The type system of HN is known as Hindley-Milner Let Polymorphism. Out of many variants of implementation, so called Algorithm W by Damas is used.
The algorithm is not implemented directly by hand but builds upon 2 abstractions: UUAGC attribute grammar and unification-fd library.
data T
= T String -- simple types such as int or char
| TT [T] -- function types (T,T,...,T) -> T, but stored as a uniform list
| TV String -- type variable
| TD String [T] -- parametrized types such as list<char> or pair<int, char>
While usually described for types, the so called Structural Unification of First-Order Terms is defined for any trees with variables in leaves.
The library requires us to decompose our T into 2 types:
data UTerm t v = UTerm (t (UTerm t v)) | UVar t
data T a
= T a
| TT [a]
| TD String [a]
The approach to modularity here is known as two-level types and it is similar to that of Datatypes a la Carte (Swierstra, 2008). That is, fixpoint of T is the term without variables, and the library decorates the fixpoint with UTerm to extend the type with variables in a modular way (see also Expression Problem).
The approach makes unification-fd not only a library for unification, but also a library for variable bindings. That part of unification-fd is used by the type inference algorithm as it needs to find term free variables and similar things that unification-fd implements in a generic way.

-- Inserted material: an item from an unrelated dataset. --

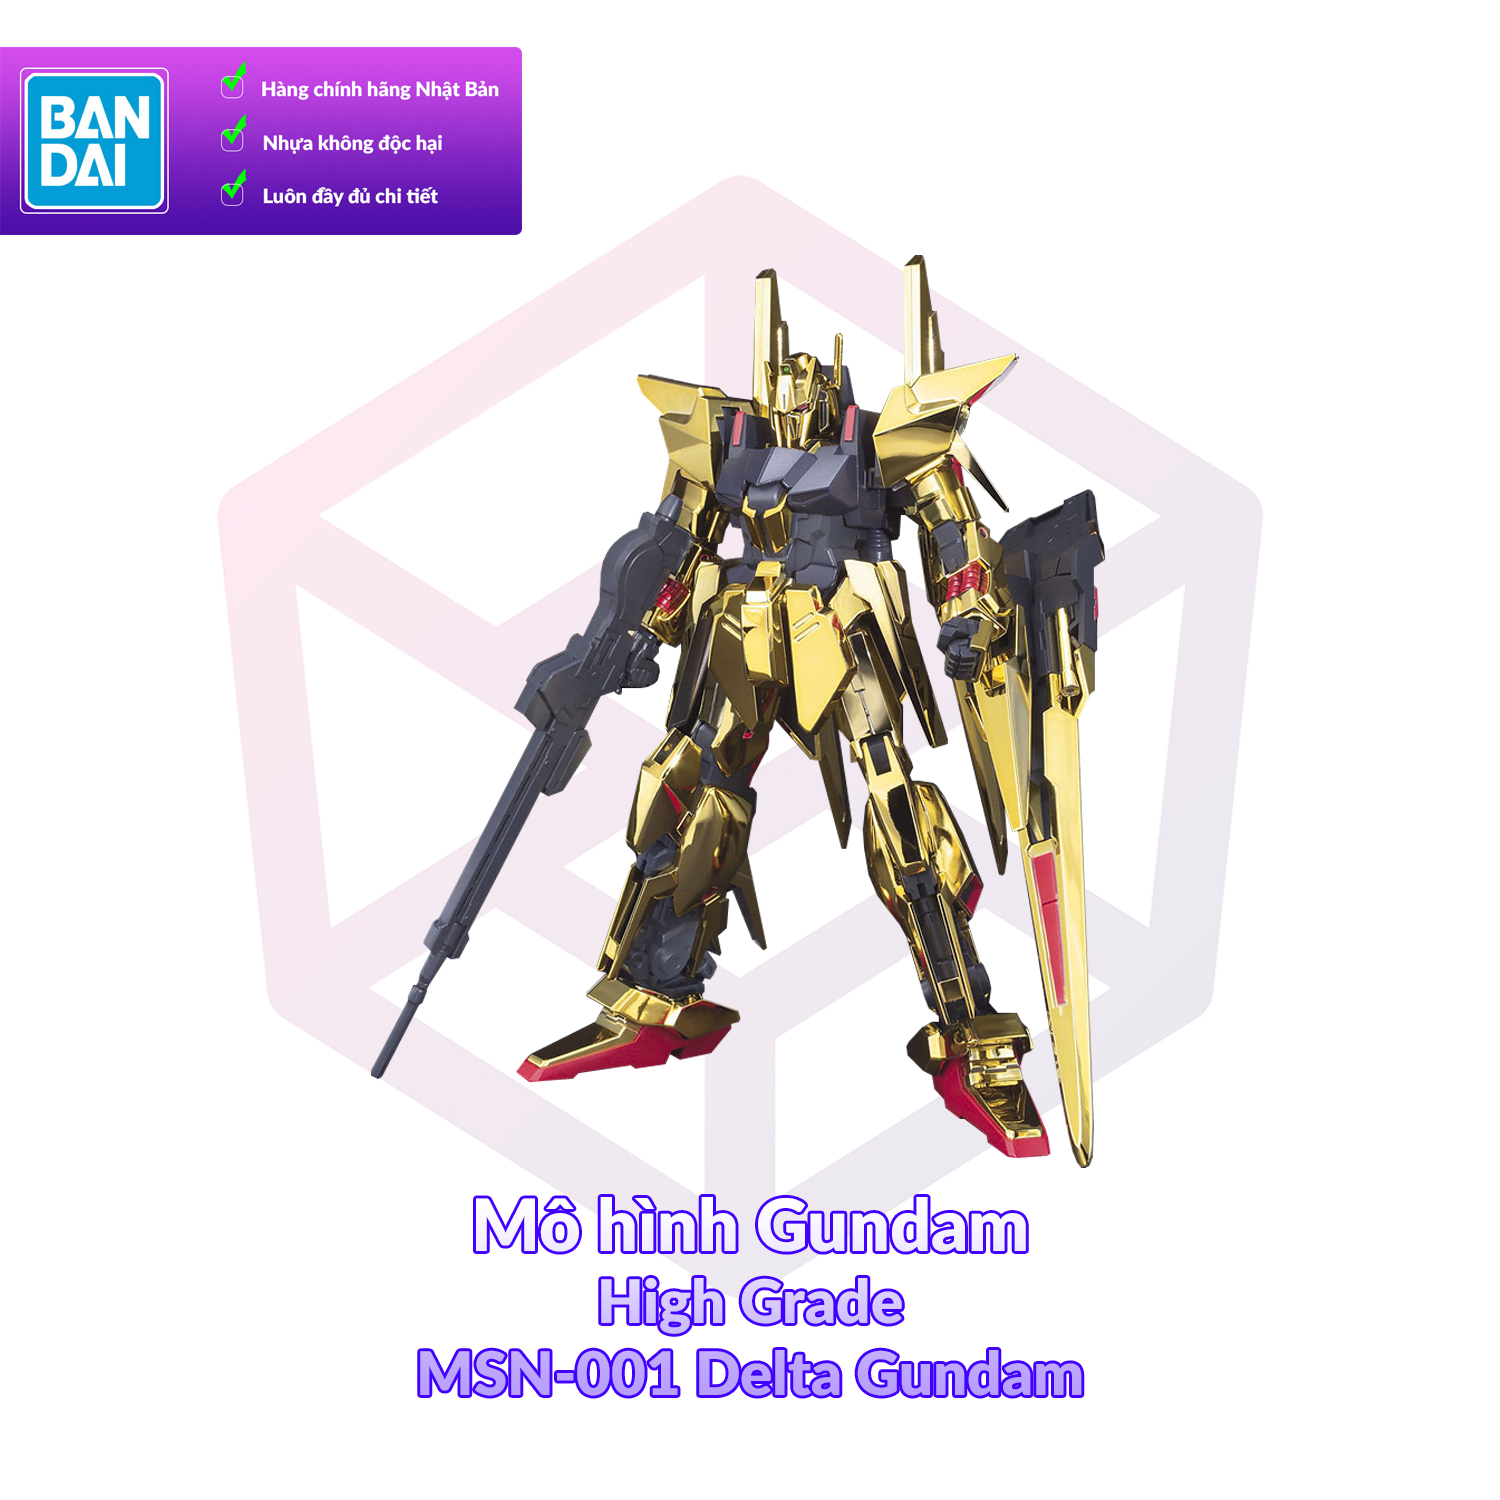 7-11 12 VOUCHER 8%Mô hình Gundam Bandai HG MSN-001 Delta Gundam 1 144 MS

The unification logic itself is only 7 lines of work (not counting the instance..where boilerplate):
maybeZip a b | length a == length b = Just $ zipWith (curry Right) a b
maybeZip _ _ = Nothing
instance Unifiable T where
zipMatch (TT a1) (TT a2) = TT <$> maybeZip a1 a2
zipMatch (T a) (T b) | a == b = Just $ T a
zipMatch (TU a) (TU b) | a == b = Just $ TU a
zipMatch (TD l1 a1) (TD l2 a2) | l1 == l2 = TD l1 <$> maybeZip a1 a2
zipMatch _ _ = Nothing
Quoting the documentation, zipMatch must only perform one level of equality testing for terms. If the term constructors are unequal then return Nothing; if they are equal, then return the one-level spine filled with resolved subterms and/or pairs of subterms to be recursively checked.
The idea of "spine with pairs" is somewhat analogous to that of paramorphism recursion scheme.
The declaration of T and the instance are in Unifier.Unifier module. Unifier.Restricted module
reexports unify
and subsumes
functions from unification-fd with types restricted to HNC
choice of representation of variables and errors. Without the restriction error messages
become much worse, and ambiguity often arises, so Unifier.Restricted is a boilerplate module
containing only type signatures.
subsumes
is an asymmetric version of unify
: it checks if the first term can be converted into
the second one by substitutions in it while unify
allows substitutions in both.
You can use the following gist to see the unifier at work: https://gist.github.com/nponeccop/739a720582c961ab05991d61fb5cb598
The example is self-contained: only the aforementioned Unifier/Unifier.hs and Unifier/Restricted.hs are needed. Load the min-unifier-hn.hs into
GHCi and try runStack uni1
or runStack uni2
Below is a complete Hindley-Milner type checking algorithm for an combinatorial subset of HNC. There are only applications, no
LetIn
, Constant
or Definition
or uncurried functions with more than one parameter.
The necessary boilerplate along with predefined library and examples are provided in https://gist.github.com/nponeccop/7ba833db625fed06cb449cdfbd538be1
data Expression = Atom String | App Expression Expression
check :: Lib -> Expression -> Stack Type
check lib = \case
Atom a -> look lib a
App a b -> do
UTerm (TT [argA, res]) <- check lib a
argB <- check lib b
unify argA argB
return res
As the mini-language doesn't let us define new combinators, types of all atoms are supplied by the standard library Lib
. We check that
the symbol is defined at all (by look
) and that if a symbol is applied to anything, its type must be a TT
(function). Then we see if
argA
type the function accepts matches the actual inferred type argB
of passed value.